Try another radio probe when ten have failed, take two hundred rabbits when a hundred have died: only this is science.
You ask the secret. It has just one name: again.
In the end a dog carries in his jaws his image in the water, people rivet the new moon, I love you.
Like caryatids our lifted arms hold up time’s granite load
and defeated we shall always win.
In his poem ‘Suffering’ the subject is laboratory rats, but he meets himself at every step:
But I ask no questions, no-one asks any questions, Because it’s all quite useless, Experiments succeed and experiments fail, Like everything else in this world, in which the truth advances like some splendid silver bulldozer in the tumbling darkness,
Consider: How difficult an act it is to write poetry under a repressive regime!

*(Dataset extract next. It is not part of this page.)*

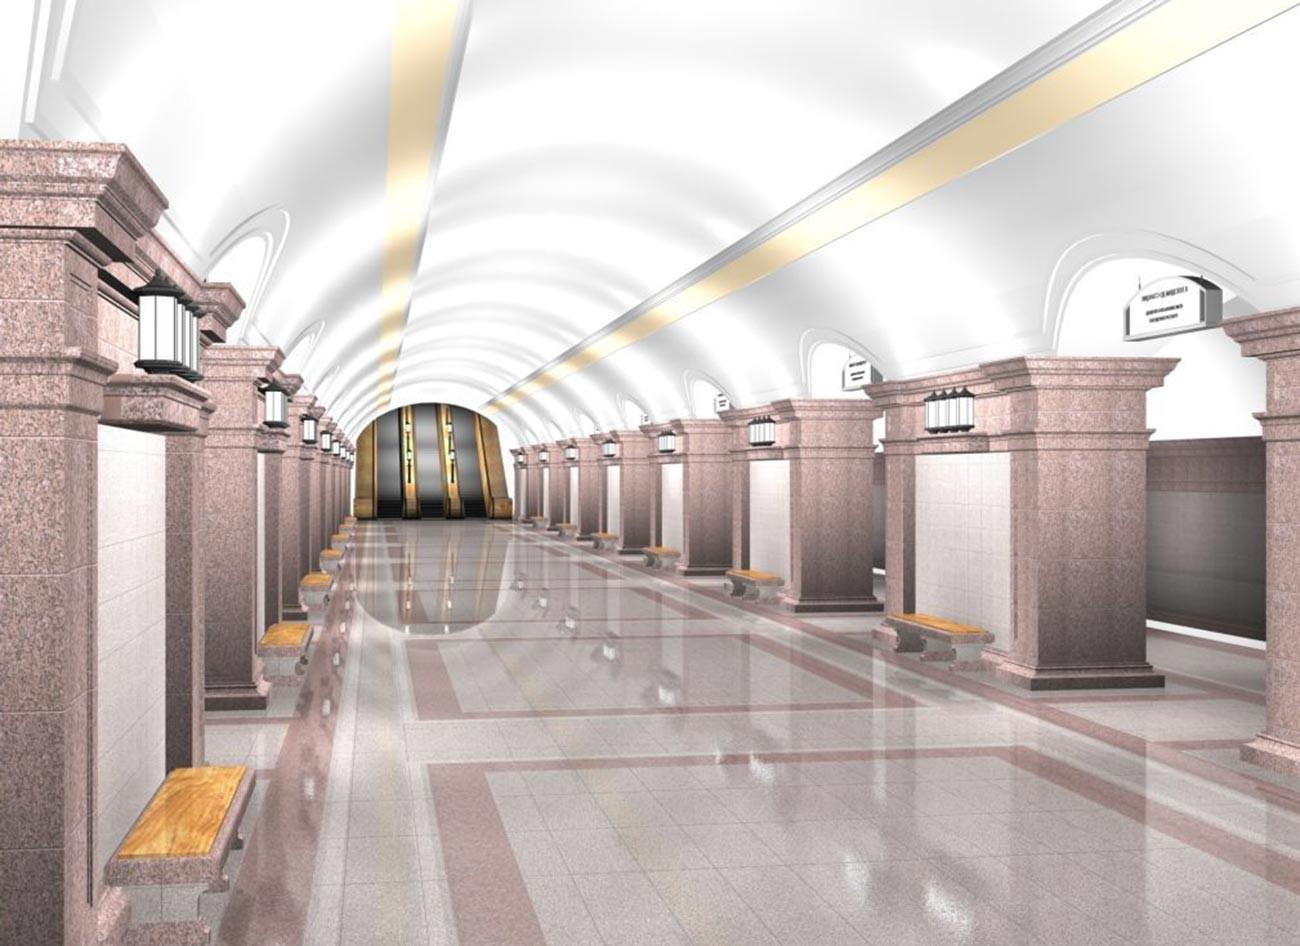 Metrô em Tcheliábinsk.
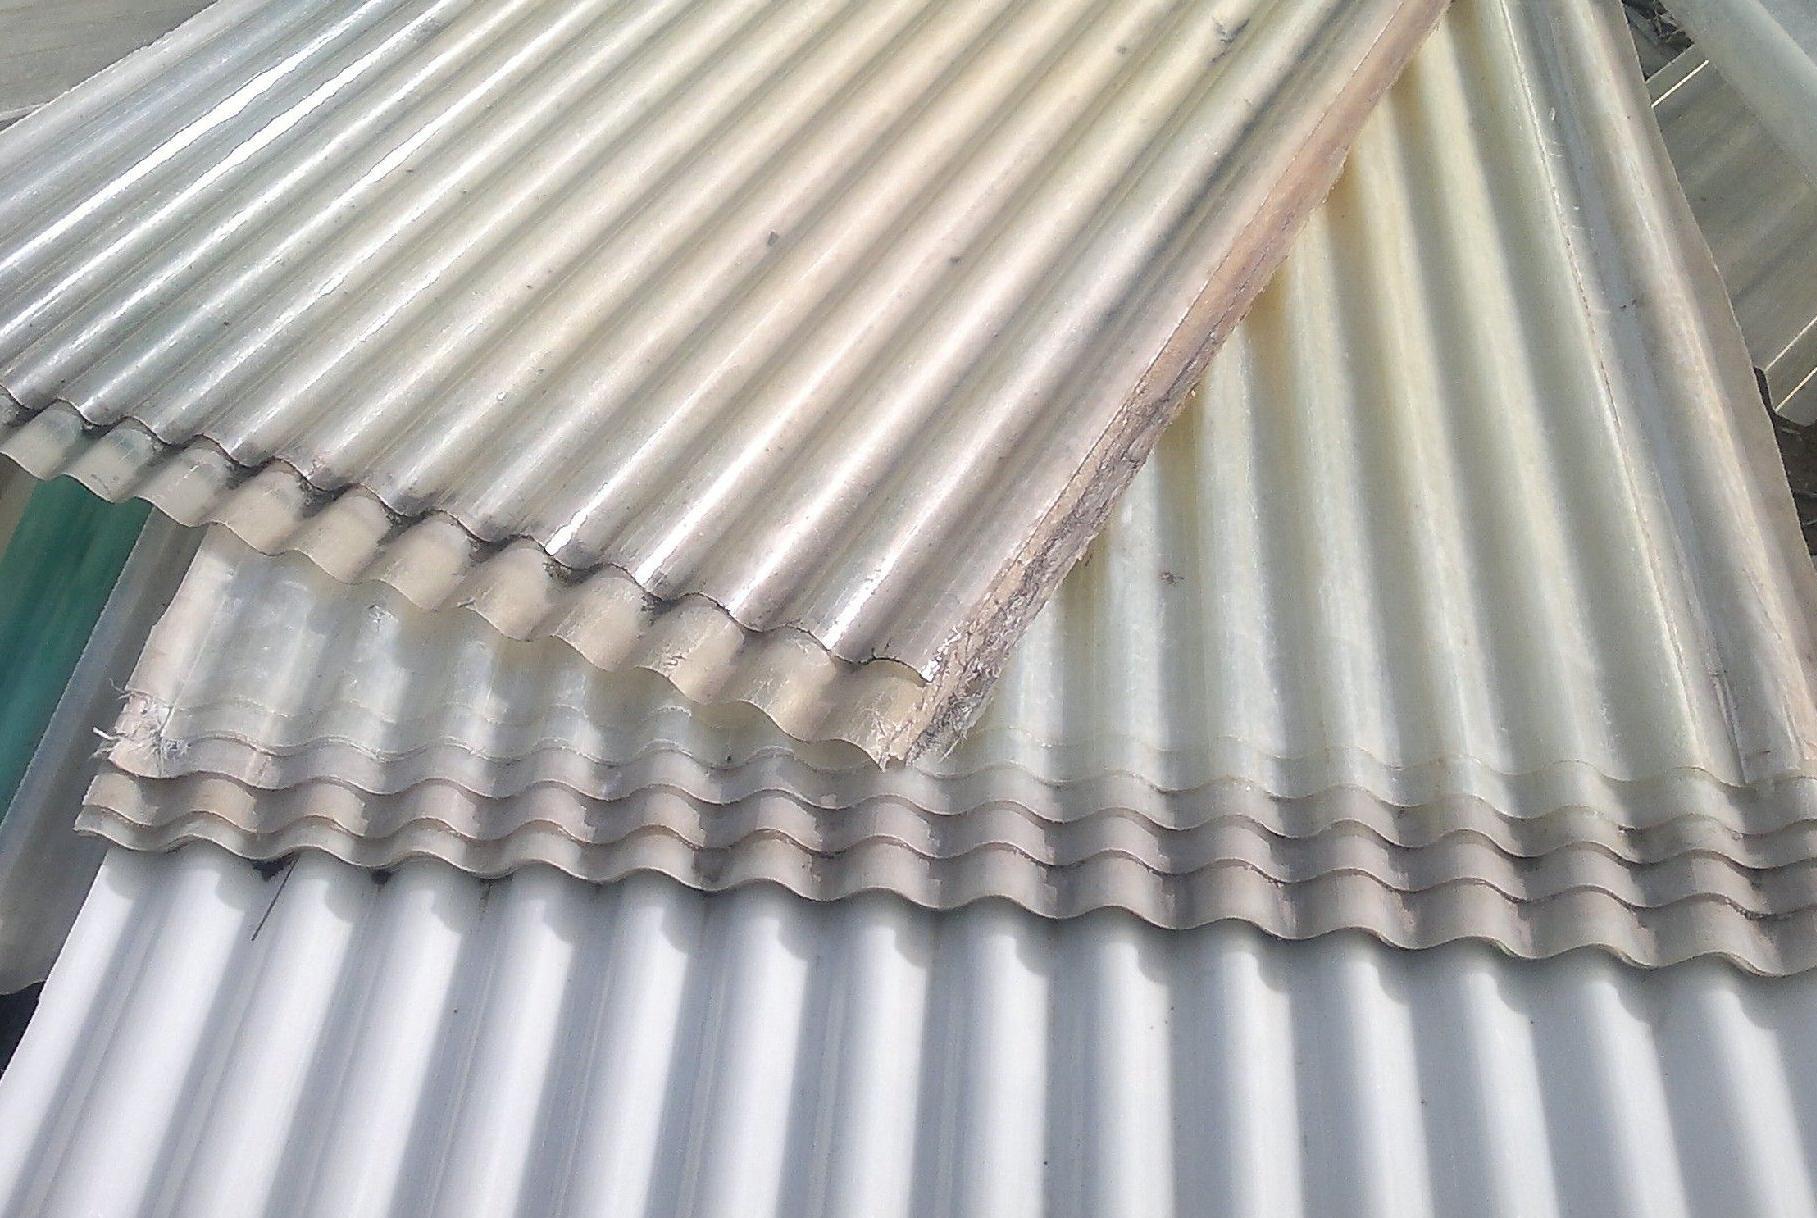 placas de poliester albacete placas de tejado chapas de

It is perhaps rather like writing for children’s pantomime…one must be able to write to two distinct audiences, in this case entertaining preschool children as well as amusing adults with lashings of innuendo. What precisely could he mean by this next poem?
In the Microscope Here too are dreaming landscapes, lunar, derelict. Here too are the masses tillers of the soil. And cells, fighters who lay down their lives for a song.
Here too are cemeteries, fame and snow. And I hear a muttering, the revolt of immense estates.
Incorporating a persistent play between scientific pursuit as factual progress and as metaphor, Holub’s poetry was like his Marxism a variety of bottom-up social humanism. It is as a humanist that he is celebrated:
Wings
We have a microscopic anatomy this gives Man assurance
(William Carlos Williams)
We have a map of the universe for microbes, we have a map of a microbe for the universe.
We have a grand master of chess made of electronic circuits.
But above all
we have the ability to sort peas, to cup water in our hands, to seek the right screw under the sofa for hours
This gives us wings.
A Helping Hand
We gave a helping hand to grass- and it turned into corn. We gave a helping hand to fire- and it turned into a rocket. Hesitatingly, cautiously, we give a helping hand to people, to some people…
Waiting
The one who waits is always the mother, all her fingers jammed in the automatic doors of the world all her thoughts like egg-laden moths pinned out alive, and in her bag the mirror shows time long gone by when glad cries lingered in the apples trees, and at home the spool and the thread are whispering together: What will become of us?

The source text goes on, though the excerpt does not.